◆ Activity:
Copy each line below as written, but skip the pictures.

◆ Dataset extract:
Segment Open

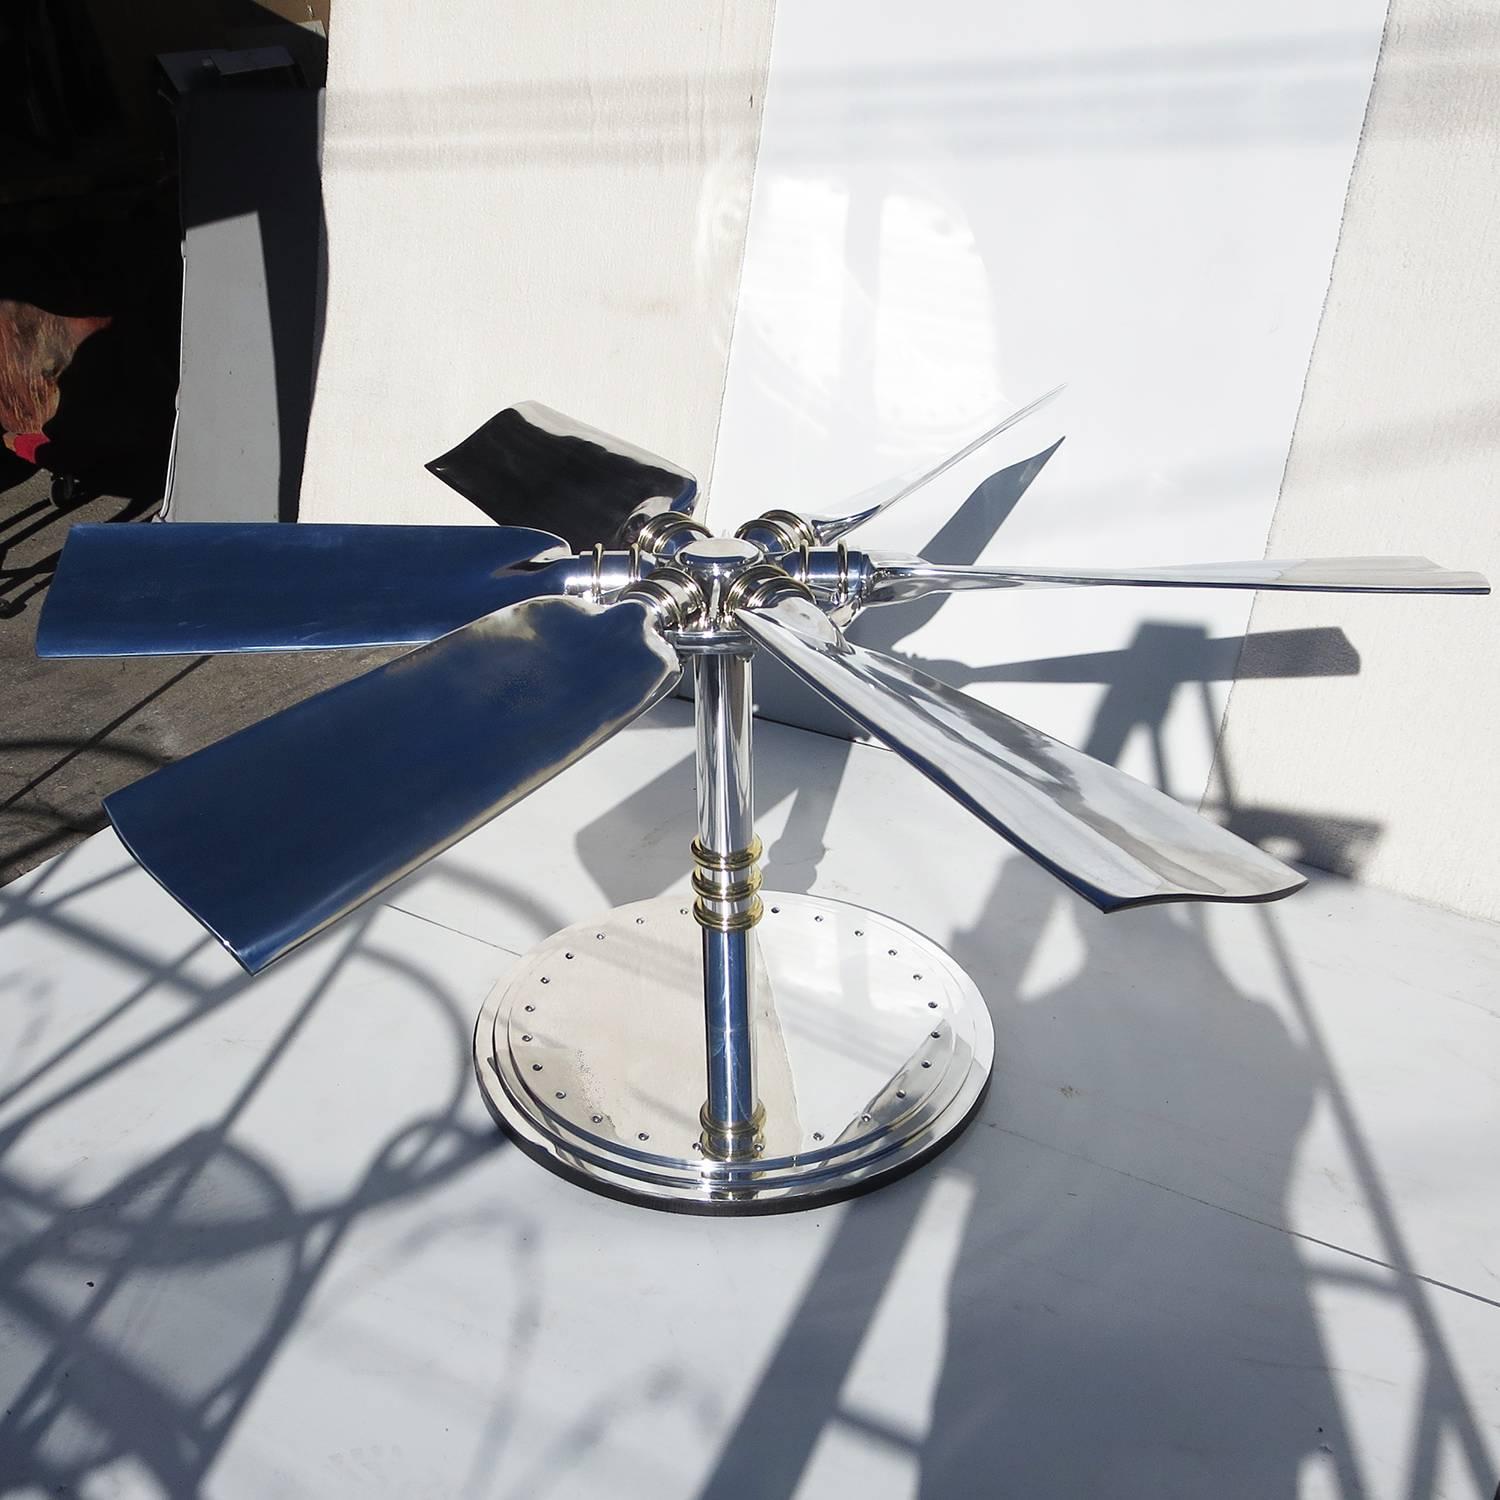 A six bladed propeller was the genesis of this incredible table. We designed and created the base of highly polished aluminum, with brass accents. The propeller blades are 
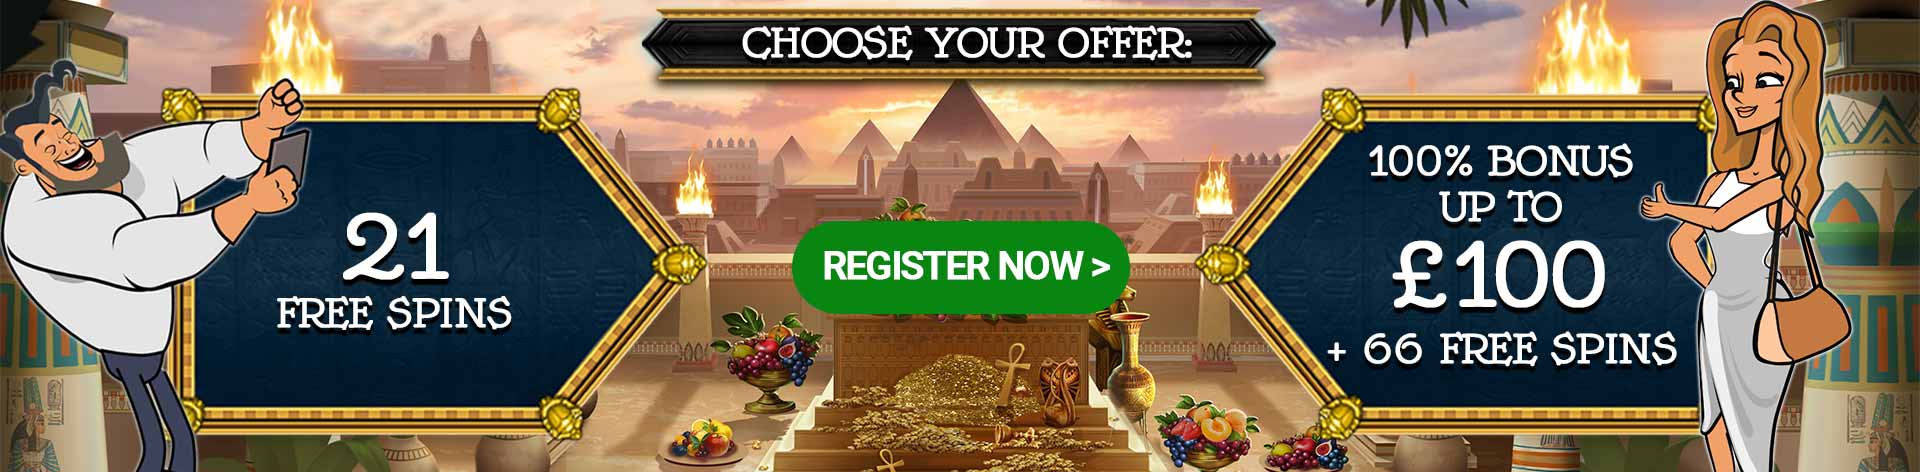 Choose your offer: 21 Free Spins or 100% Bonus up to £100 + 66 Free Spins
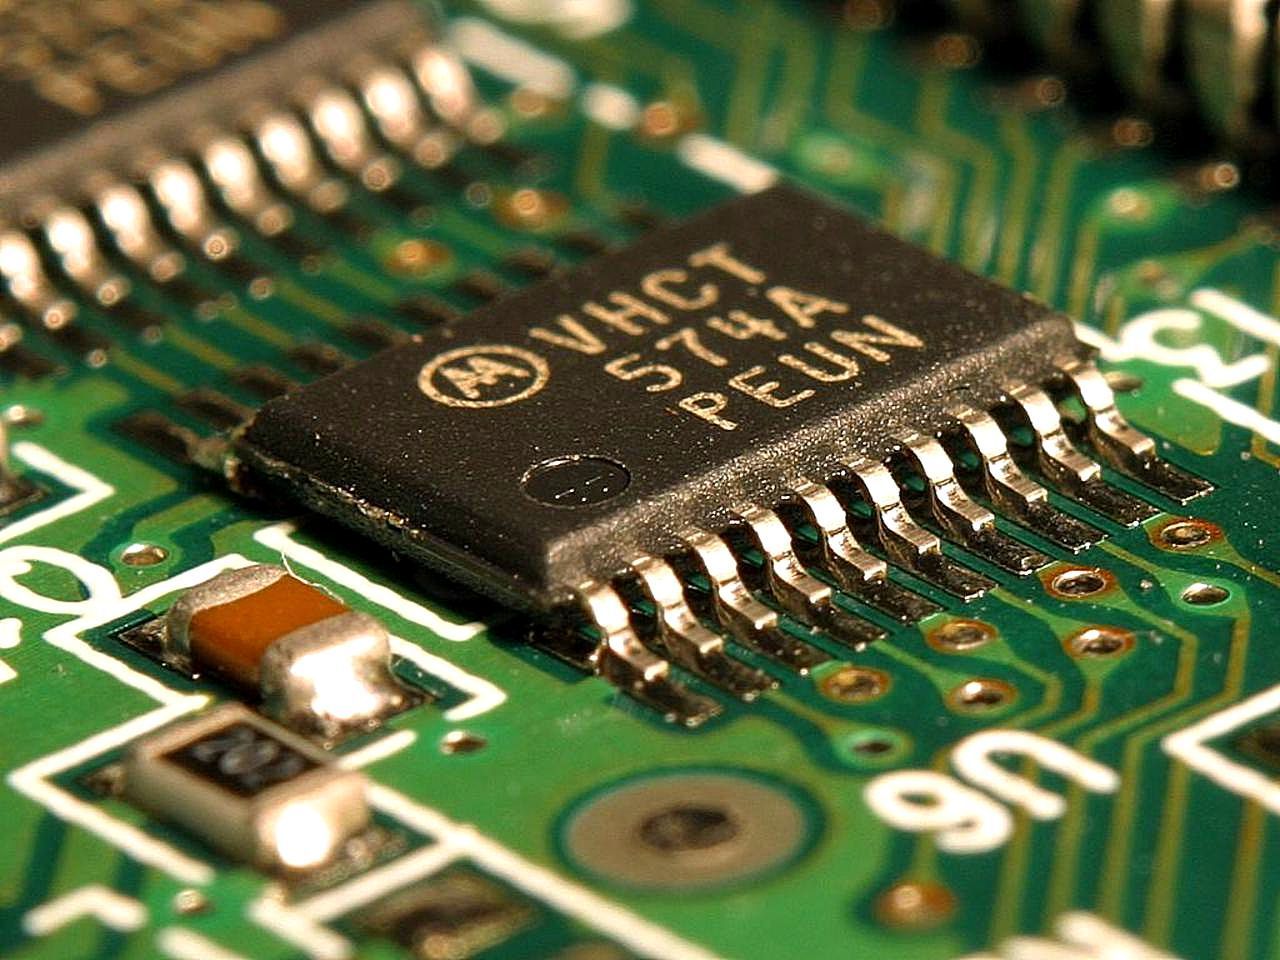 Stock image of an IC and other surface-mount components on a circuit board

Segment Closed

◆ Exercise solution:
 A six bladed propeller was the genesis of this incredible table. We designed and created the base of highly polished aluminum, with brass accents. The propeller blades are 
 Choose your offer: 21 Free Spins or 100% Bonus up to £100 + 66 Free Spins
 Stock image of an IC and other surface-mount components on a circuit board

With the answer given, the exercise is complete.